WIND AND EOLIAN PROCESSES.

The movement of the atmosphere in response to pressure differences produces wind. Wind is a geomorphic agent of erosion, transportation, and deposition. Eolian processes modify and move sand accumulations along coastal beaches and deserts. Wind’s ability to move materials is small compared with that of water and ice.

EOLIAN EROSION AND RESULTING LANDFORMS.

 

Two principal wind-erosion processes are deflation, the removal and lifting of individual loose particles by the force of the air, and abrasion, the “sandblasting” of rock surfaces with particles captured in the air. Fine materials are eroded by wind deflation and moving water, leaving behind concentrations of pebbles and gravel called desert pavement. Wherever wind encounters loose sediment, deflation may remove enough material to form basins. Called blowout depressions, they range from small indentations less than a meter wide up to areas hundreds of meters wide and many meters deep. Rocks that bear evidence of eolian erosion are called ventifacts. On a larger scale, deflation and abrasion are capable of streamlining rock structures, leaving behind distinctive rock formations or elongated ridges called yardangs.

EOLIAN TRANSPORTATION (saltation and surface creep).

 

Wind exerts a drag or frictional pull on surface particles until they become airborne. Only the finest dust particles travel significant distances, so the finer material suspended in a dust storm is lifted much higher than the coarser particles of a sand storm. Saltating particles crash into other particles, knocking them both loose and forward. The motion called surface creep slides and rolls particles too large for saltation.

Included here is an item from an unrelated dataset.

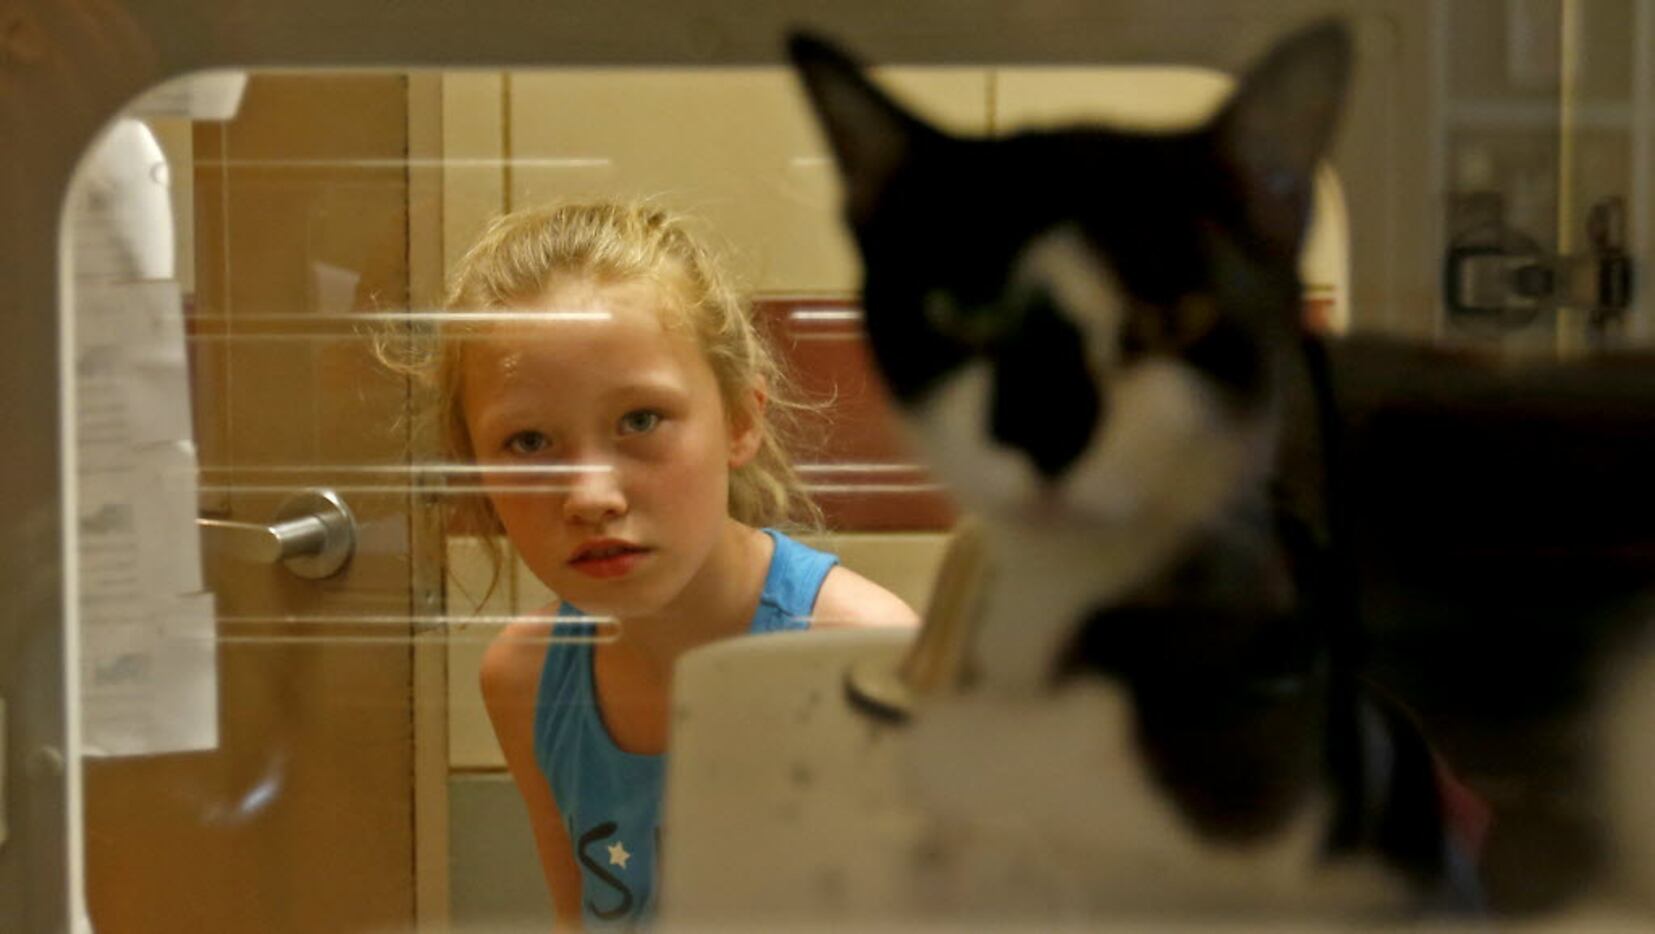 Jayden Robinson, 7, takes a look at a cat awaiting adoption at the shelter.

EOLIAN DEPOSITIONAL LANDFORMS.

 

In arid and semiarid climates and along some coastlines where sand is available dunes accumulate. A dune is a wind-sculpted accumulation of sand. An extensive area of dunes, such as that found in North Africa, is characteristic of an erg desert, or sand sea. When saltating sand grains encounter small patches of sand, their kinetic energy (motion) is dissipated and they start to accumulate into a dune. As height increases above 30 cm (12 in.) a steeply sloping slipface on the lee side and characteristic dune features are formed. Dune forms are broadly classified as crescentic (barchan), linear (enlongated), and star.

LOESS DEPOSITS.

 

Eolian transported materials contribute to soil formation in distant places. Windblown loess deposits occur worldwide and can develop into good agricultural soils. These fine-grained clays and silts are moved by the wind many kilometers, where they are redeposited in unstratified, homogeneous deposits. The binding strength of loess causes it to weather and erode in steep bluffs, or vertical faces. Significant accumulations throughout the Mississippi and Missouri valleys form continuous deposits 15–30 m (50–100 ft) thick. Loess deposits also occur in eastern Washington State, Idaho, much of Ukraine, central Europe, China, the Pampas–Patagonia regions of Argentina, and lowland New Zealand.

 

DESERT LANDSCAPES

 

Dry and semiarid climates occupy about 35% of earth’s land surface. The spatial distribution of these dry lands is related to subtropical high-pressure cells between 15° and 35° N and S, to rain shadows on the lee side of mountain ranges, or to areas at great distance from moisture-bearing air masses, such as central Asia. Water events are rare, yet running water is still the major erosional agent in deserts. Precipitation events may be rare, but when they do occur, a dry streambed may fill with a torrent called a flash flood. Depending on the region, such a dry streambed is known as a wash, an arroyo (Spanish), or a wadi (Arabic). As runoff water evaporates, salt crusts may be left behind on the desert floor. An intermittently wet and dry low area in a region of closed drainage is called a playa, site of an ephemeral lake when water is present.

 

In arid climates, a prominent landform is the alluvial fan at the mouth of a canyon where it exits into a valley. The fan is produced by flowing water that abruptly loses velocity as it leaves the constricted channel of the canyon and deposits a layer of sediment along the mountain block. A continuous apron, or bajada, may form if individual alluvial fans coalesce. In a dry region, weak surface materials may weather to a complex, rugged low topography, called a badland. A province is a large region that is characterized by several geologic or physiographic traits. The Basin and Range Province of the western United States consists of alternating basins and mountain ranges. A slope-and-basin area between the crests of two adjacent ridges in a dry region of interior drainage is termed a bolson. Desertification is the process that leads to unwanted expansion of the Earth’s desert lands.